HYDROGEN fuelled tractors, trucks and cars could be one step closer to commercial reality thanks to Australia’s lead scientific organisation.
CSIRO, principal research scientist, Dr Michael Dolan said the team had developed a special membrane technology that enabled safer, more efficient use of hydrogen as a fuel.
“Our technology allows ultra pure hydrogen to be extracted from ammonia,” he said.
“Hydrogen can go into hydrogen fuel cell vehicles, which could be cars, trucks, tractors or ships.”
Hydrogen and other alternative powered tractors have been in development as concept vehicles for some time, however one issue holding back production has been safe storage and transport.
Dr Dolan said extracting hydrogen from ammonia increased the safety and efficiency of handling and storing the fuel.

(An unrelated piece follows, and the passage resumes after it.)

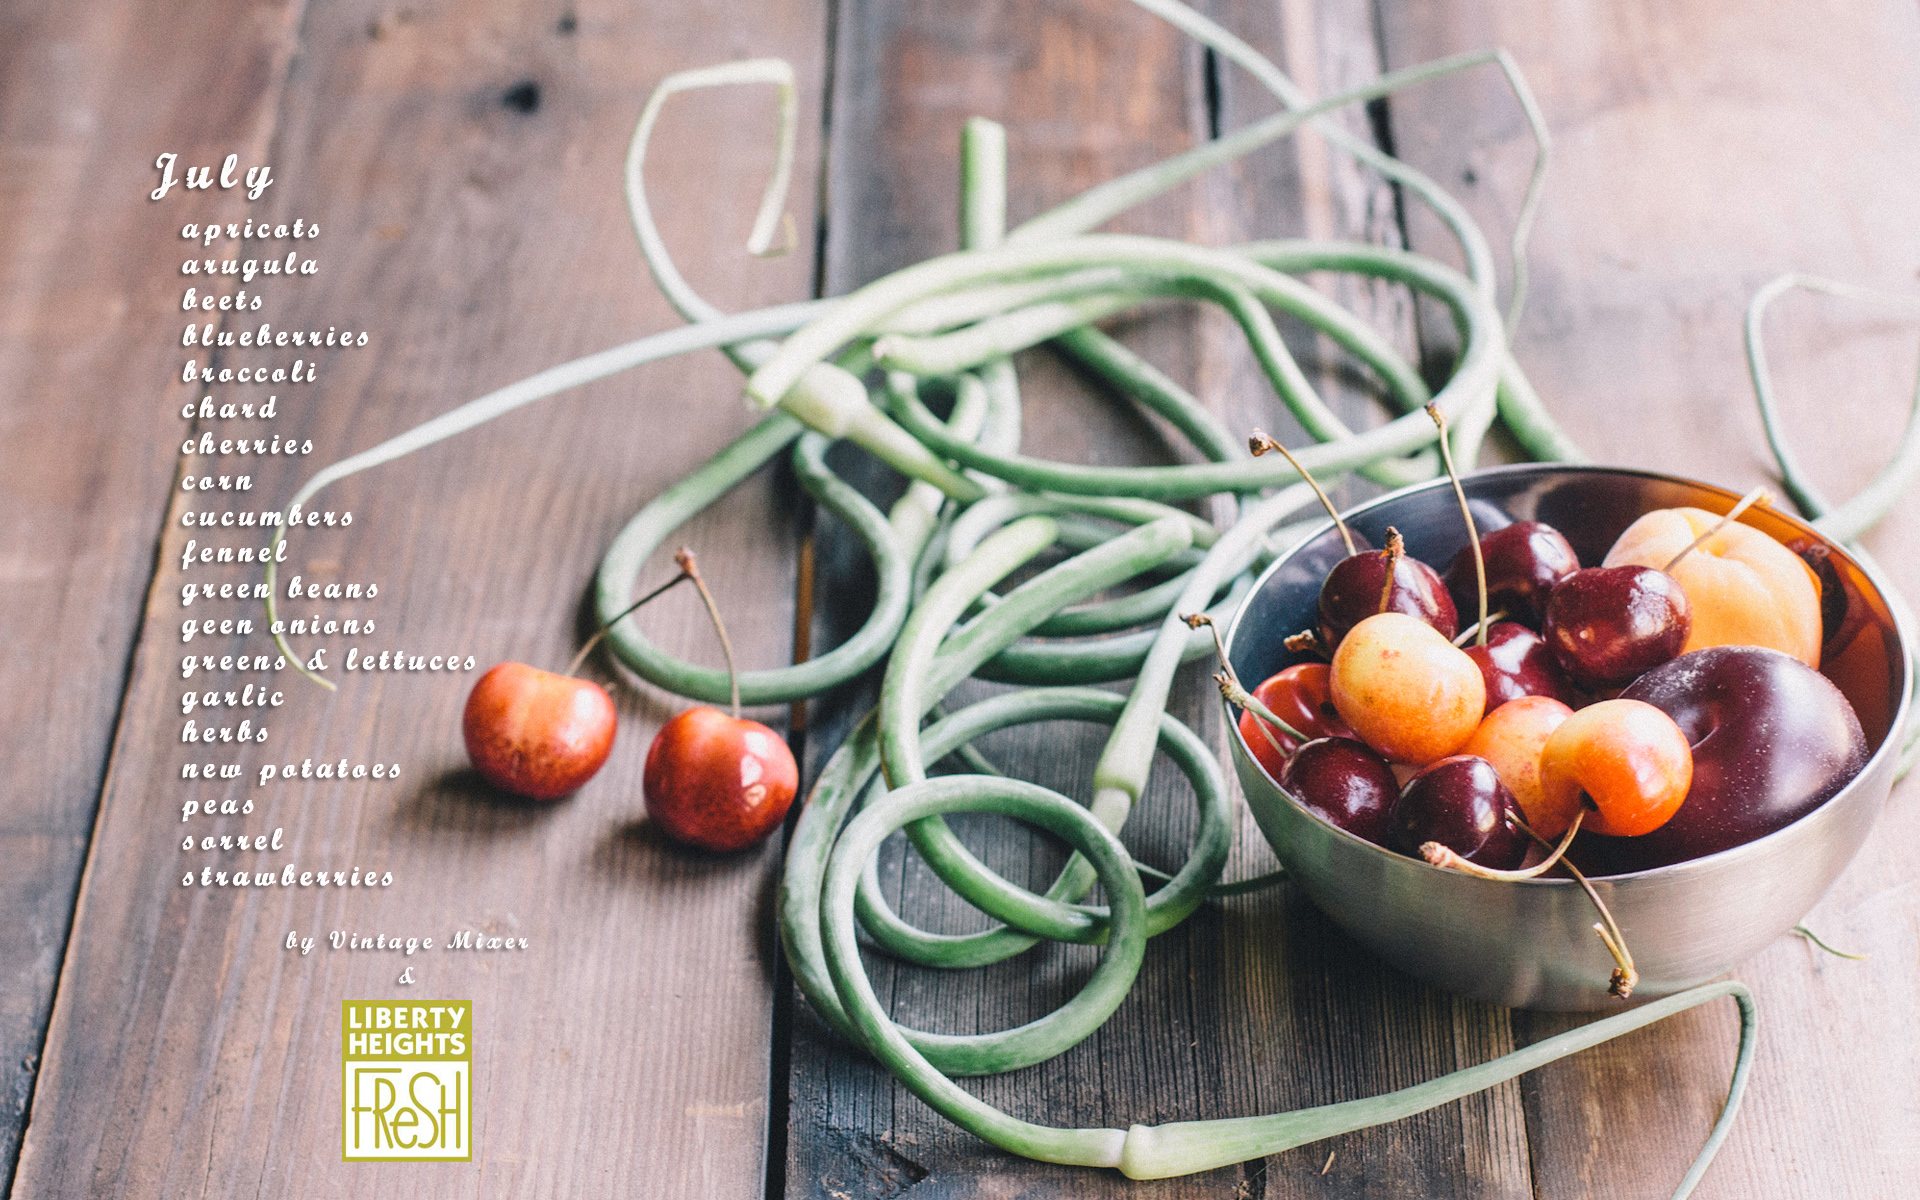 Seasonal Produce Guide for July

“If you want to move a lot of hydrogen you need it in a liquid form, liquid fuels are much more dense then gaseous fuels,” he said.

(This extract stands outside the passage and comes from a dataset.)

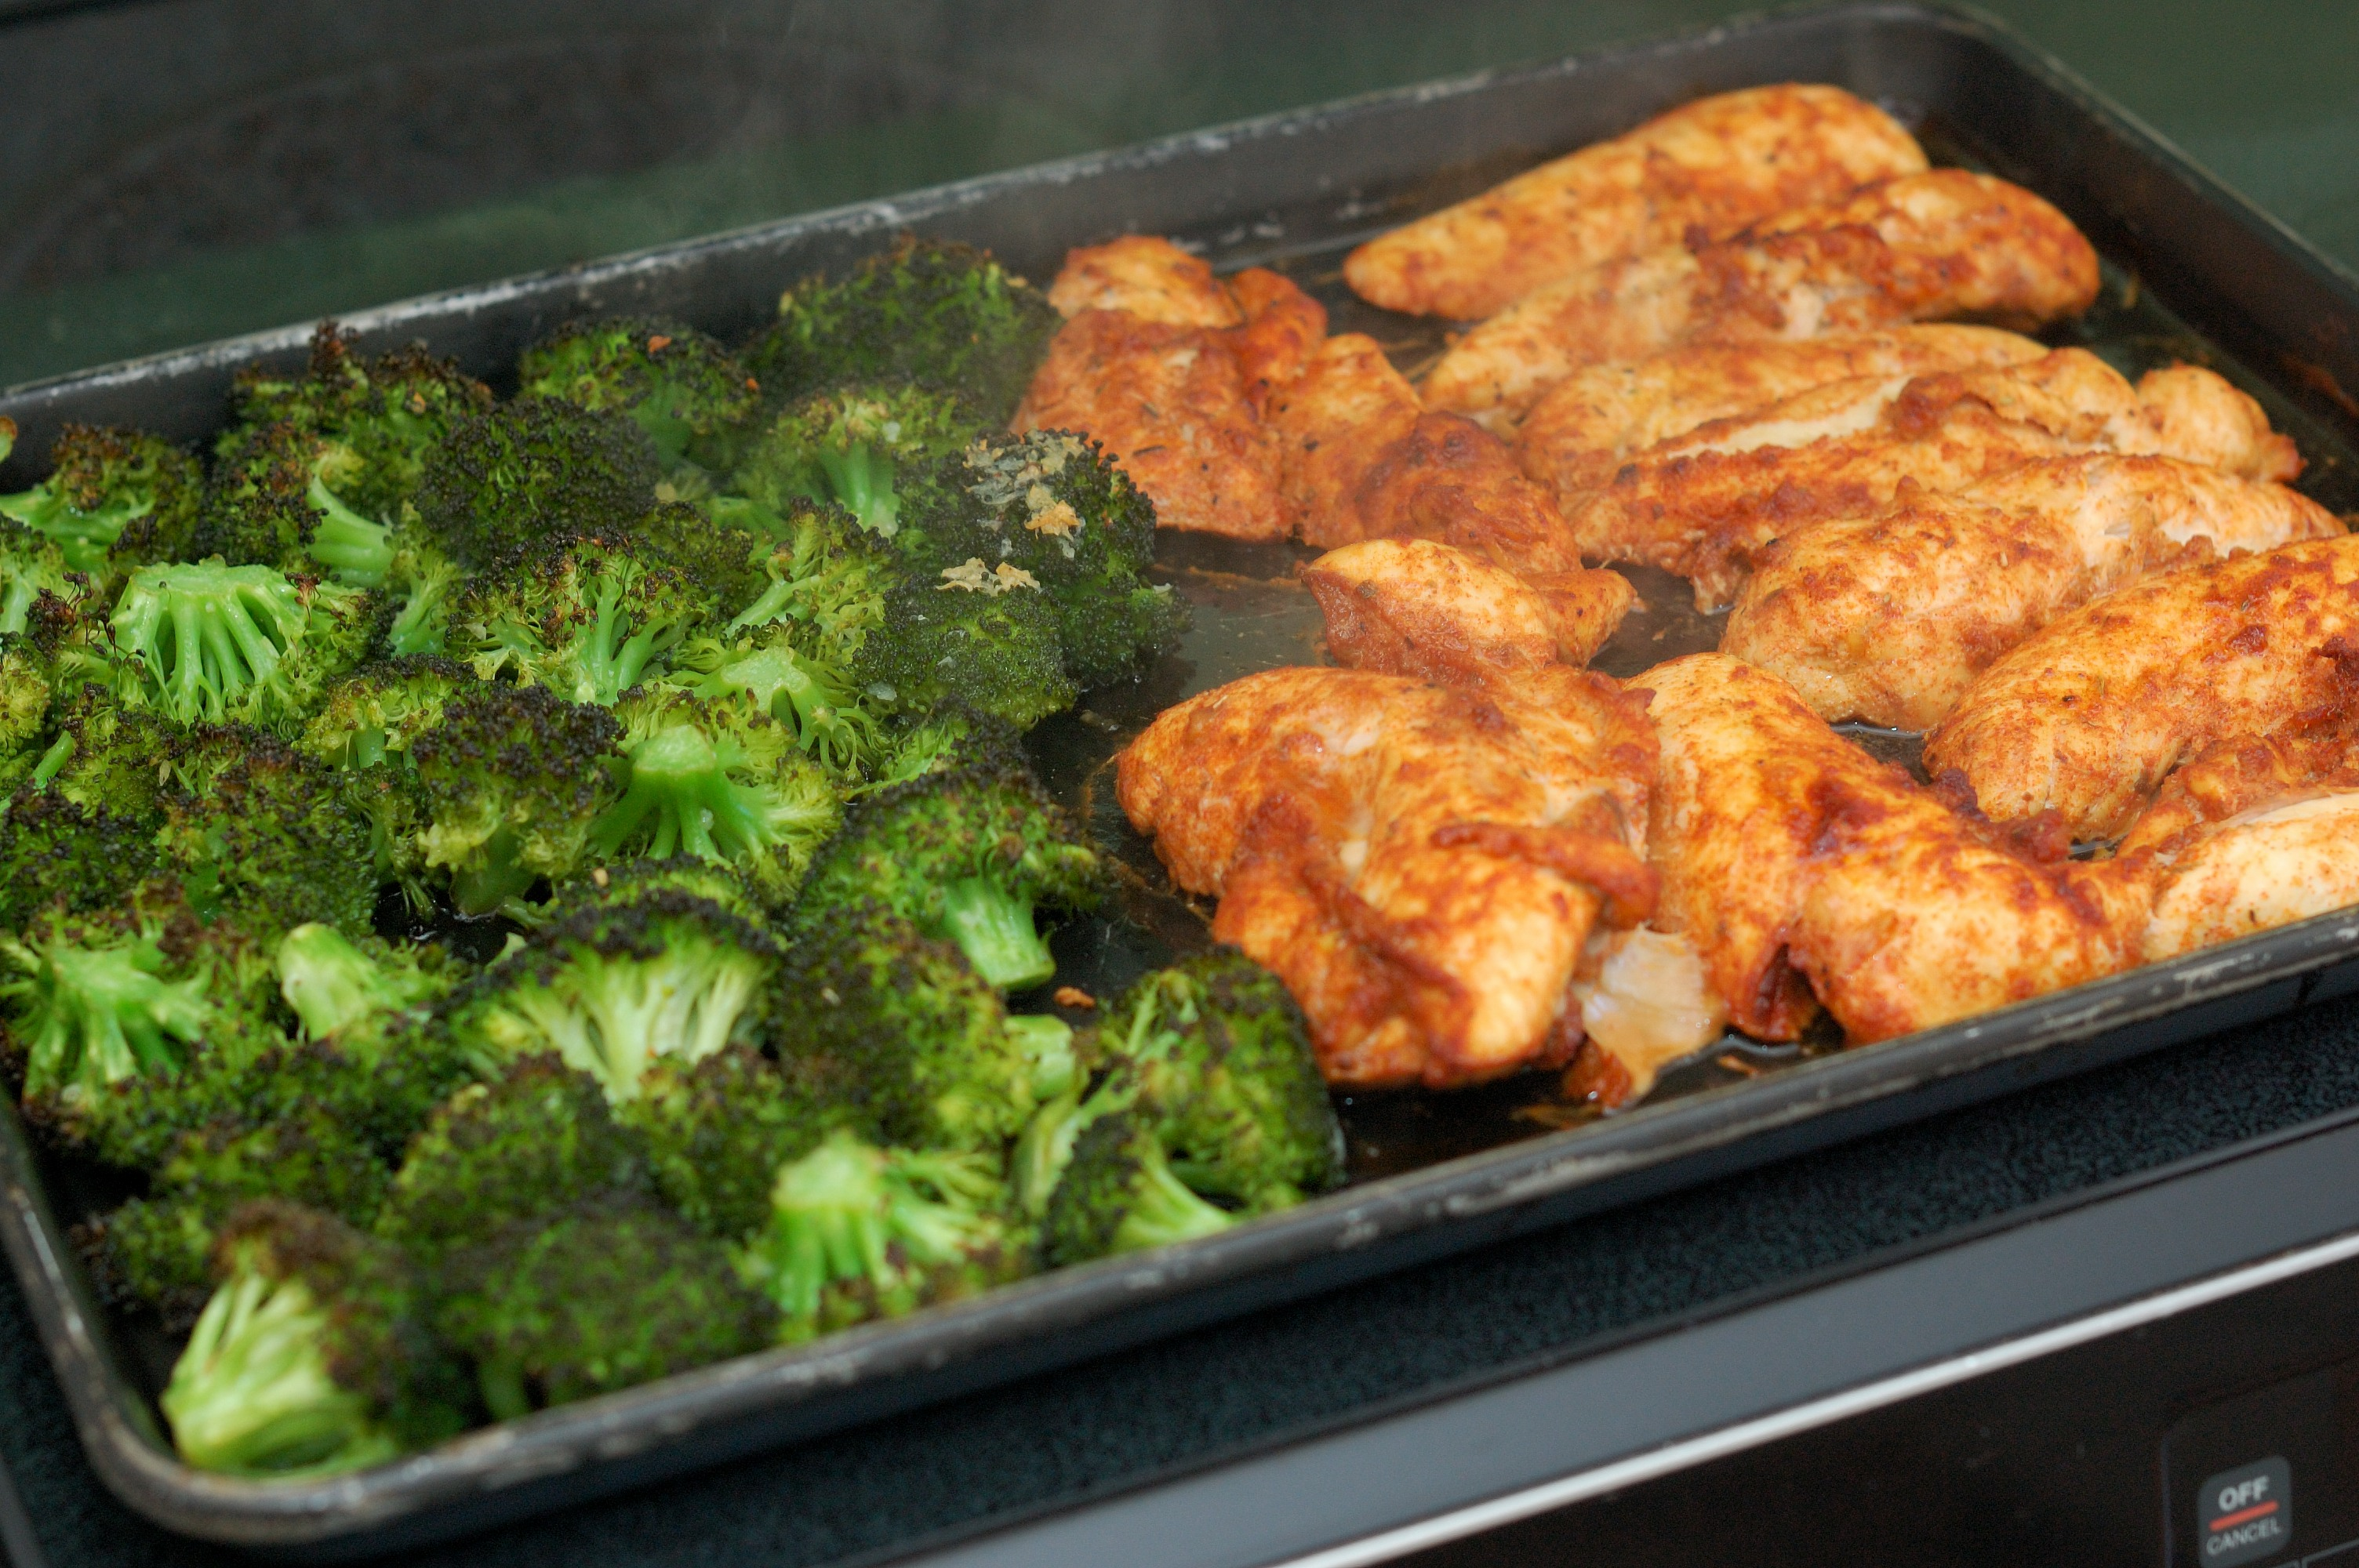 Creamy Pasta Salad Recipe Chicken And Broccoli Baked

“It is very difficult to liquefy hydrogen, you need to make it extremely cold.
“Ammonia is made up of nitrogen and hydrogen, and it forms a liquid under very mild conditions, it behaves similar to liquid petroleum gas (LPG).
“That allows you to store and move very big quantities of hydrogen, you just need the technology to pull the hydrogen back out.”
Dr Dolan said it was difficult to estimate a future price of hydrogen as it was dependent on a number of factors.
“One thing we do know is hydrogen fuel cell powertrains, no matter what vehicle they are on, are more than twice as efficient as a petrol or diesel powertrain,” he said.
“So you will need half the amount of fuel to do a given job, whether that is driving around the paddock, across the country or over an ocean.”
Dr Dolan said in terms of safety, while ammonia will burn, it burns slowly and is difficult to ignite.
“I think before to long their will be hydrogen cars, trucks, trains and tractors, anything really, the technology is becoming mature enough you will see it in a lot of applications,” he said.
Dr Dolan said CSIRO was doing a lot of research work around hydrogen.
“Some of that is around making hydrogen from solar energy, or biomass and other renewable resources,” he said.
“We do a lot of work around hydrogen carriers as well as work to make ammonia production more efficient.
“This also has implications for fertiliser production as well as energy.”
Dr Dolan said the use of straight ammonia, as opposed to hydrogen, was also of potential interest to the agricultural sector.
“Ammonia has been looked at in the US for quite a while, converting conventional diesel tractors to run on ammonia and it has been reasonably successful,” he said.
“it is not the most efficient way of doing it, but it is a low-technology entry into replacing diesel fuel.”
Dr Dolan is optimistic about the future of hydrogen fuel.
“I think before to long every type of vehicle will have hydrogen fuelled products available, I think hydrogen is going to be a very ubiquitous fuel in the future.”